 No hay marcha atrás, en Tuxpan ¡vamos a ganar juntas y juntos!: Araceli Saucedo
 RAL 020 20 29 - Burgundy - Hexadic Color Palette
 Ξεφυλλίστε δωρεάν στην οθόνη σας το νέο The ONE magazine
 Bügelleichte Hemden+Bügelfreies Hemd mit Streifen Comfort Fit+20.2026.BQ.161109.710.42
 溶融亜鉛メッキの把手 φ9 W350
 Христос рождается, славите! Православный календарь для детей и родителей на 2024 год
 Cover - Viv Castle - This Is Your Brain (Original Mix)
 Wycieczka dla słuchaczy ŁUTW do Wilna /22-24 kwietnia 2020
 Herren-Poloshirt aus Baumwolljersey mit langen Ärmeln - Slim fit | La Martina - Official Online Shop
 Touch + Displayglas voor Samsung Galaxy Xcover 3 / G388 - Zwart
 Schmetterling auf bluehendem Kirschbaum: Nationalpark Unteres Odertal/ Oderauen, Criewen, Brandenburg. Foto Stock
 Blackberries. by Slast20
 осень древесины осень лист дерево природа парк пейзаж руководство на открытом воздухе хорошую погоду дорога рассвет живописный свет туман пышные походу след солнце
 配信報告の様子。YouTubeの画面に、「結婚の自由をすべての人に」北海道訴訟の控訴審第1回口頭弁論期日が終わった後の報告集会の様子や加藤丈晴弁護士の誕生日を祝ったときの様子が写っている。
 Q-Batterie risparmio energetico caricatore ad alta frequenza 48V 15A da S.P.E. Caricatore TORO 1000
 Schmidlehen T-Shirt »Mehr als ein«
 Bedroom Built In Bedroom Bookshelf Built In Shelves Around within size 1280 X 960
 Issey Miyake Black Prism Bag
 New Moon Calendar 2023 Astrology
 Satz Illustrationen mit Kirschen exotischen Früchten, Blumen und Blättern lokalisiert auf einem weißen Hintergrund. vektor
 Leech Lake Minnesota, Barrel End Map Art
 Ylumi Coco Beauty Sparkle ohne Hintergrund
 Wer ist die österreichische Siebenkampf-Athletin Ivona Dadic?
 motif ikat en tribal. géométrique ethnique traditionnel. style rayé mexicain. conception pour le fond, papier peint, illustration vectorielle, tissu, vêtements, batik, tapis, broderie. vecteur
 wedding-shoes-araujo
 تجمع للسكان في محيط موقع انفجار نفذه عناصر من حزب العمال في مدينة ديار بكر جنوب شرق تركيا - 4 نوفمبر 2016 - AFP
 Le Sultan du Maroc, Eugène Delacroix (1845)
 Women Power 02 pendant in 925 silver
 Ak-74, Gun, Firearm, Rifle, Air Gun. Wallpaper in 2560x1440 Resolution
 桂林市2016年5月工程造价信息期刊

☆ ☆ ☆ ☆ ☆ ☆ ☆

## Work task:
Once you have read the material, set it down again word for word.

## Problem solution:
 No hay marcha atrás, en Tuxpan ¡vamos a ganar juntas y juntos!: Araceli Saucedo
 RAL 020 20 29 - Burgundy - Hexadic Color Palette
 Ξεφυλλίστε δωρεάν στην οθόνη σας το νέο The ONE magazine
 Bügelleichte Hemden+Bügelfreies Hemd mit Streifen Comfort Fit+20.2026.BQ.161109.710.42
 溶融亜鉛メッキの把手 φ9 W350
 Христос рождается, славите! Православный календарь для детей и родителей на 2024 год
 Cover - Viv Castle - This Is Your Brain (Original Mix)
 Wycieczka dla słuchaczy ŁUTW do Wilna /22-24 kwietnia 2020
 Herren-Poloshirt aus Baumwolljersey mit langen Ärmeln - Slim fit | La Martina - Official Online Shop
 Touch + Displayglas voor Samsung Galaxy Xcover 3 / G388 - Zwart
 Schmetterling auf bluehendem Kirschbaum: Nationalpark Unteres Odertal/ Oderauen, Criewen, Brandenburg. Foto Stock
 Blackberries. by Slast20
 осень древесины осень лист дерево природа парк пейзаж руководство на открытом воздухе хорошую погоду дорога рассвет живописный свет туман пышные походу след солнце
 配信報告の様子。YouTubeの画面に、「結婚の自由をすべての人に」北海道訴訟の控訴審第1回口頭弁論期日が終わった後の報告集会の様子や加藤丈晴弁護士の誕生日を祝ったときの様子が写っている。
 Q-Batterie risparmio energetico caricatore ad alta frequenza 48V 15A da S.P.E. Caricatore TORO 1000
 Schmidlehen T-Shirt »Mehr als ein«
 Bedroom Built In Bedroom Bookshelf Built In Shelves Around within size 1280 X 960
 Issey Miyake Black Prism Bag
 New Moon Calendar 2023 Astrology
 Satz Illustrationen mit Kirschen exotischen Früchten, Blumen und Blättern lokalisiert auf einem weißen Hintergrund. vektor
 Leech Lake Minnesota, Barrel End Map Art
 Ylumi Coco Beauty Sparkle ohne Hintergrund
 Wer ist die österreichische Siebenkampf-Athletin Ivona Dadic?
 motif ikat en tribal. géométrique ethnique traditionnel. style rayé mexicain. conception pour le fond, papier peint, illustration vectorielle, tissu, vêtements, batik, tapis, broderie. vecteur
 wedding-shoes-araujo
 تجمع للسكان في محيط موقع انفجار نفذه عناصر من حزب العمال في مدينة ديار بكر جنوب شرق تركيا - 4 نوفمبر 2016 - AFP
 Le Sultan du Maroc, Eugène Delacroix (1845)
 Women Power 02 pendant in 925 silver
 Ak-74, Gun, Firearm, Rifle, Air Gun. Wallpaper in 2560x1440 Resolution
 桂林市2016年5月工程造价信息期刊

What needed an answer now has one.